## Assigned task
From the line with "Раскраска воздушный шар" down to the final line of the material, please transcribe everything exactly, but leave the pictures out.

## Given information
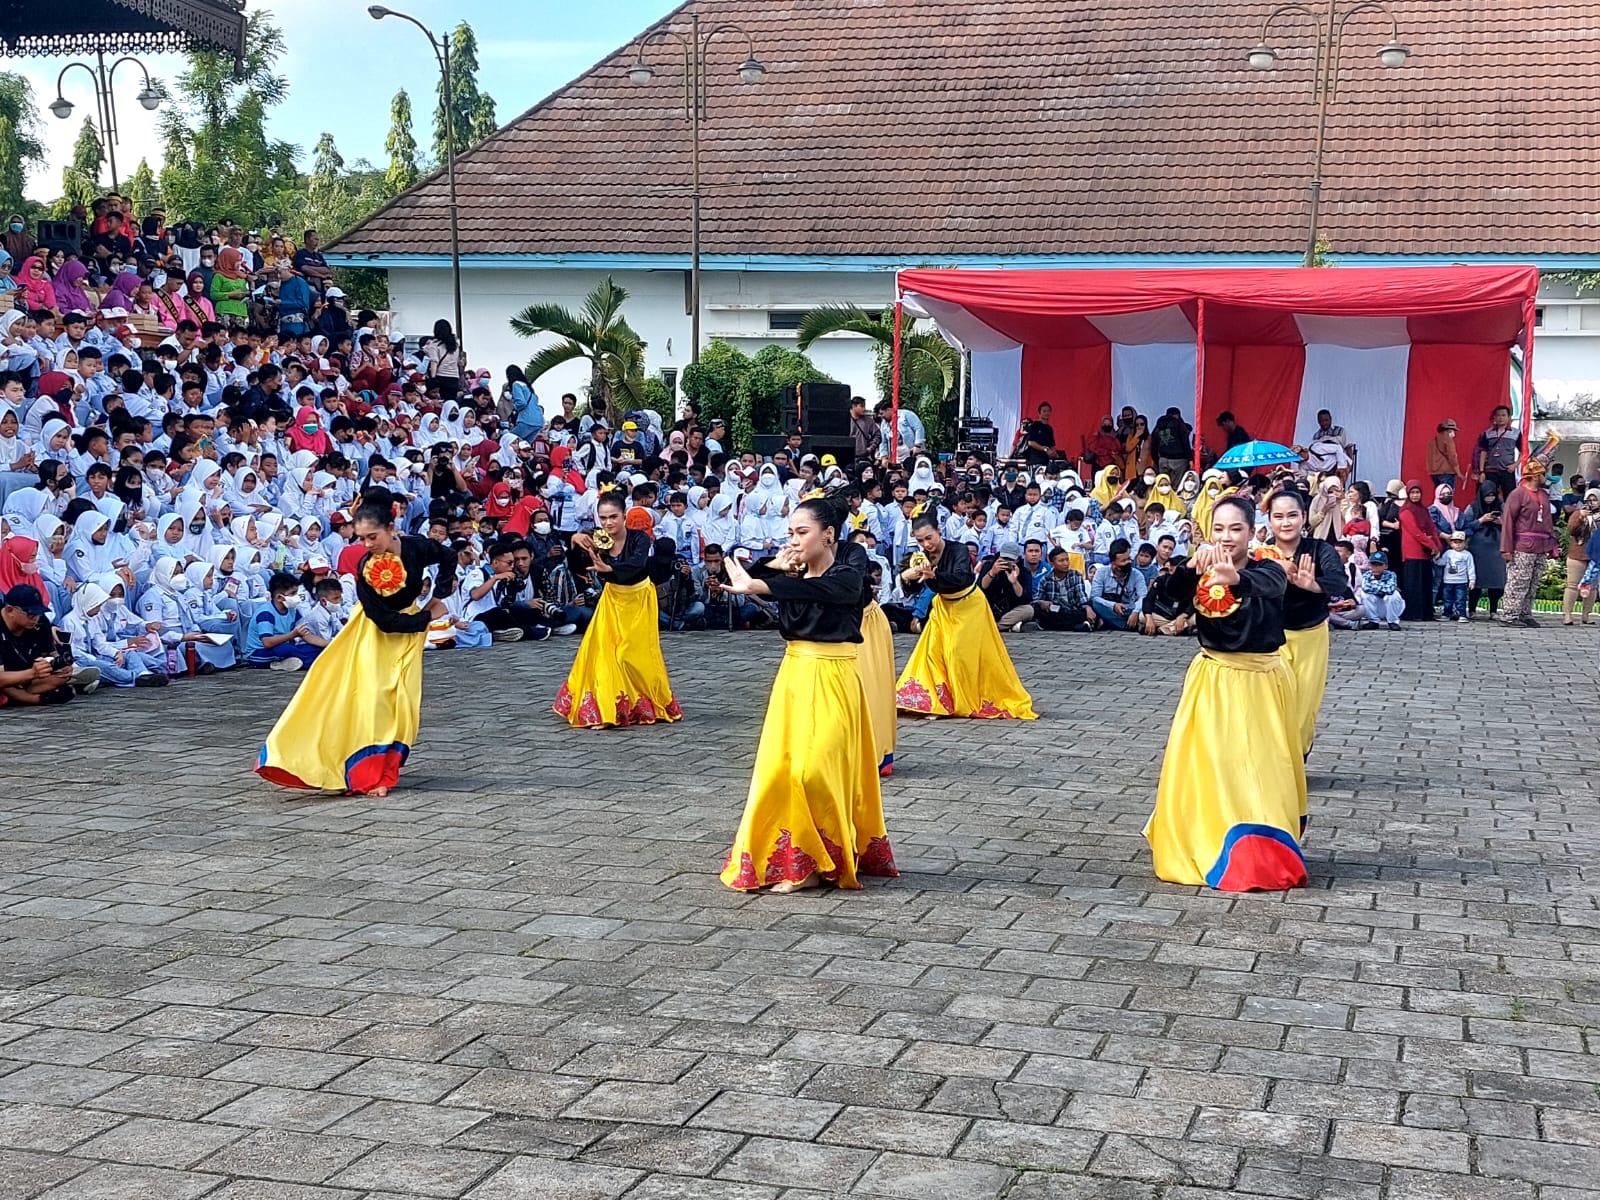 TIFAF 2022 diawali dengan penampilan kesenian lewat kegiatan Kirab Budaya dari 10 kabupaten/kota di Kaltim dan 18 kecamatan se-Kukar. (Supri/Kaltimtoday.co)
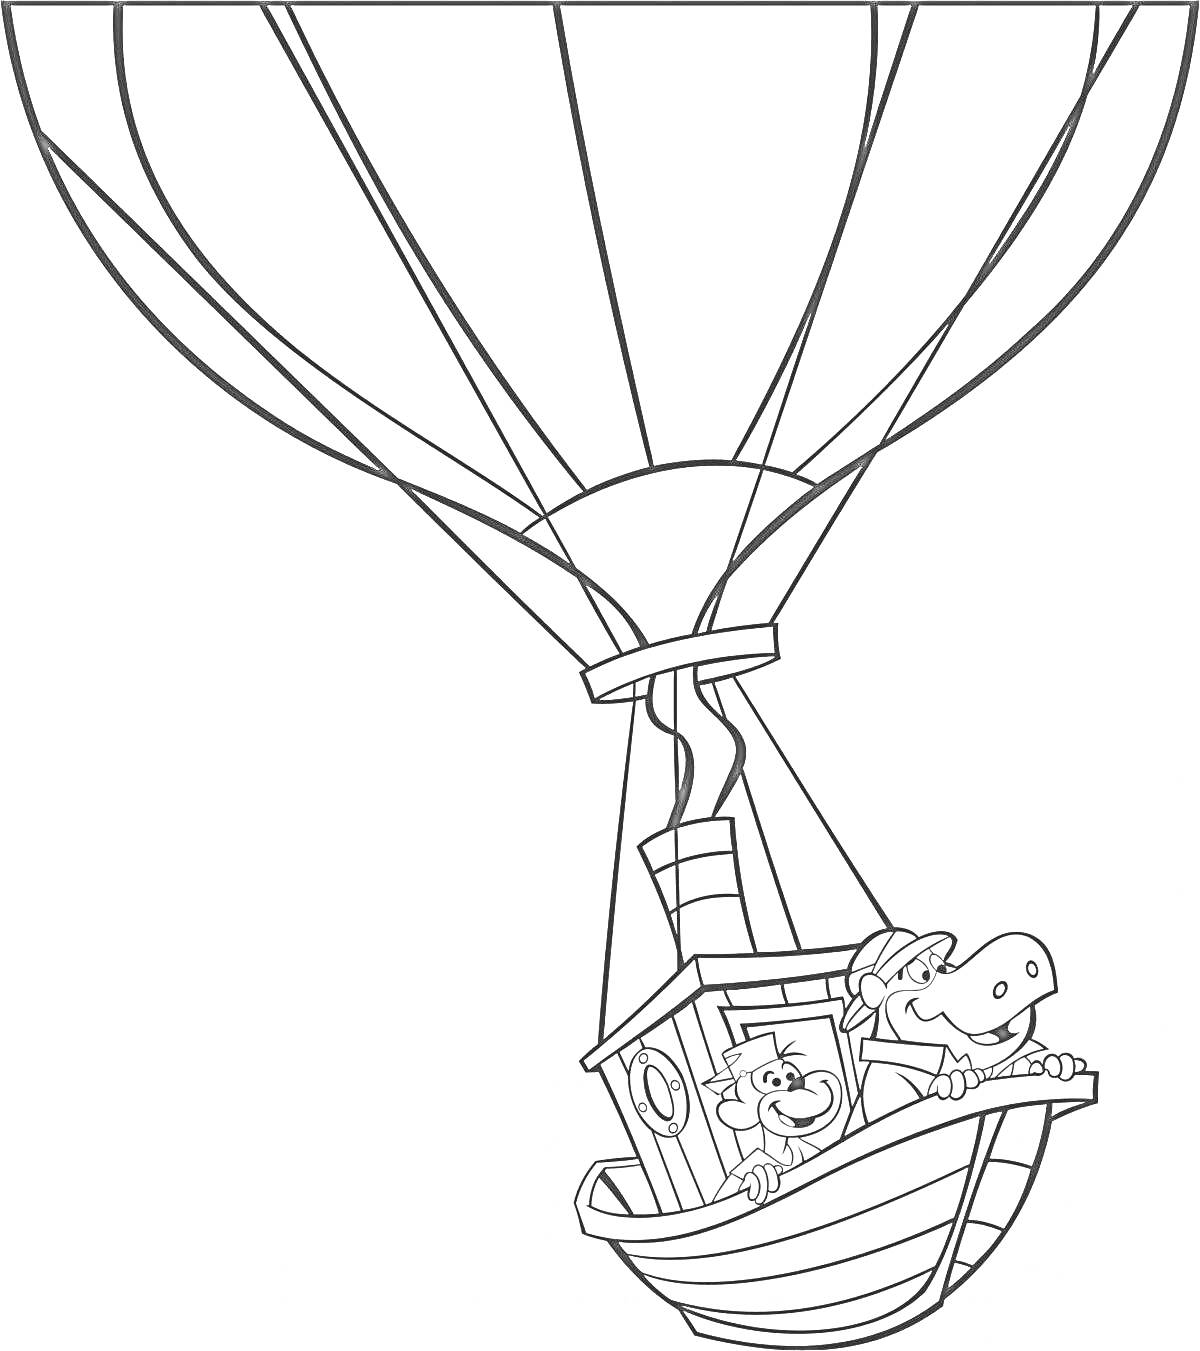 Раскраска воздушный шар с корзиной в виде корабля и собака с человеком внутри
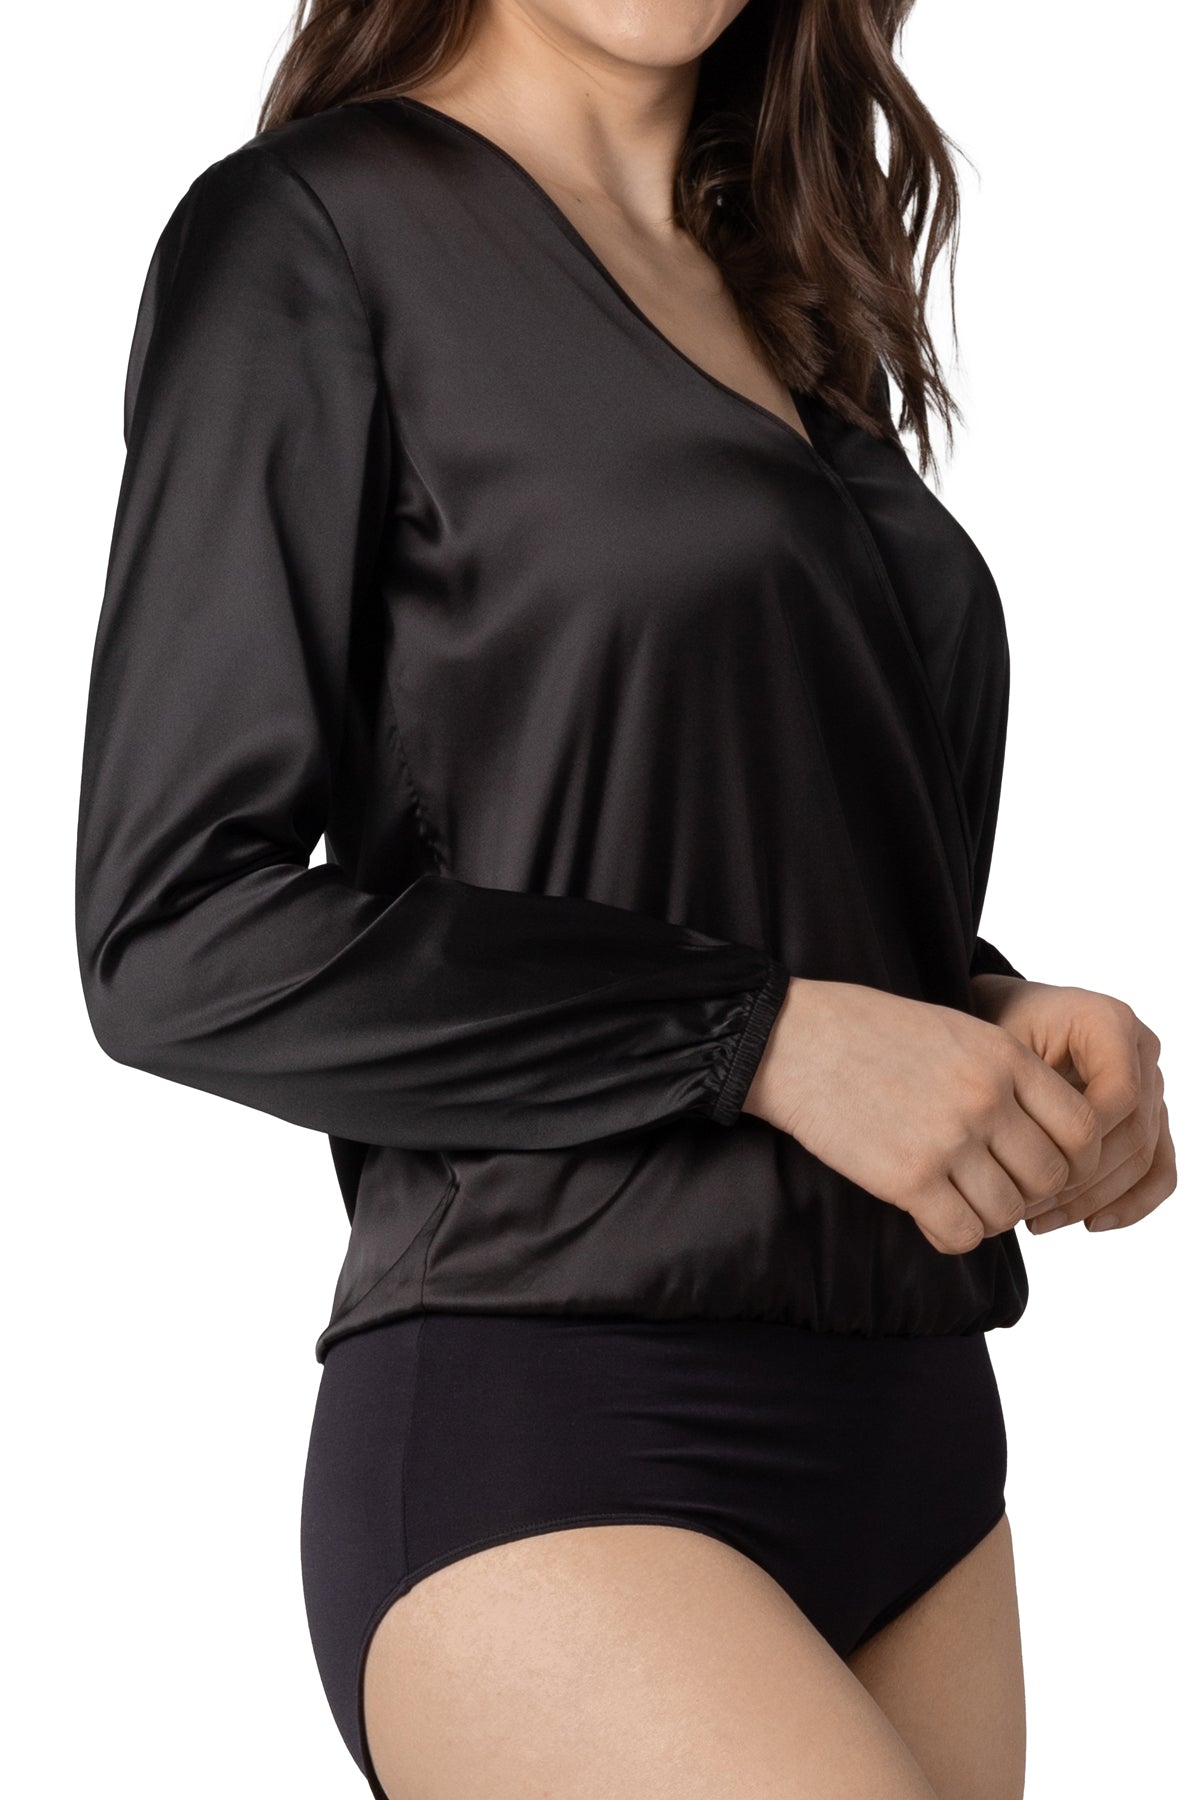 Jane Long Sleeve Cross-Over Full Back Bodysuit
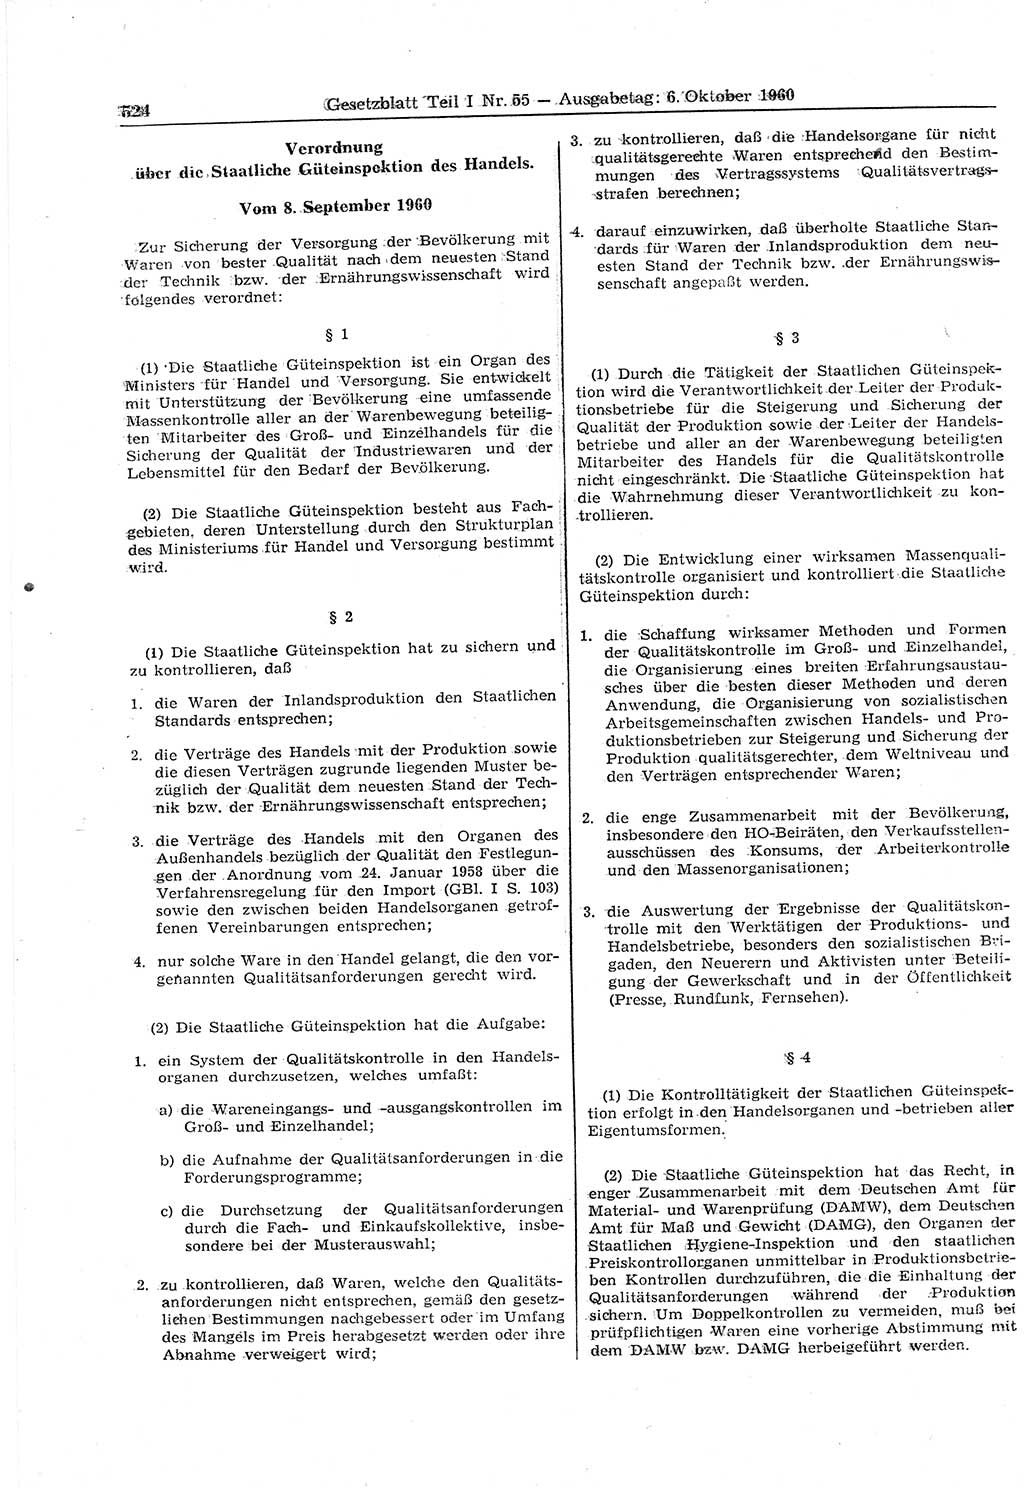 Gesetzblatt (GBl.) der Deutschen Demokratischen Republik (DDR) Teil Ⅰ 1960, Seite 524 (GBl. DDR Ⅰ 1960, S. 524)

## Answer space
 Раскраска воздушный шар с корзиной в виде корабля и собака с человеком внутри
 Jane Long Sleeve Cross-Over Full Back Bodysuit
 Gesetzblatt (GBl.) der Deutschen Demokratischen Republik (DDR) Teil Ⅰ 1960, Seite 524 (GBl. DDR Ⅰ 1960, S. 524)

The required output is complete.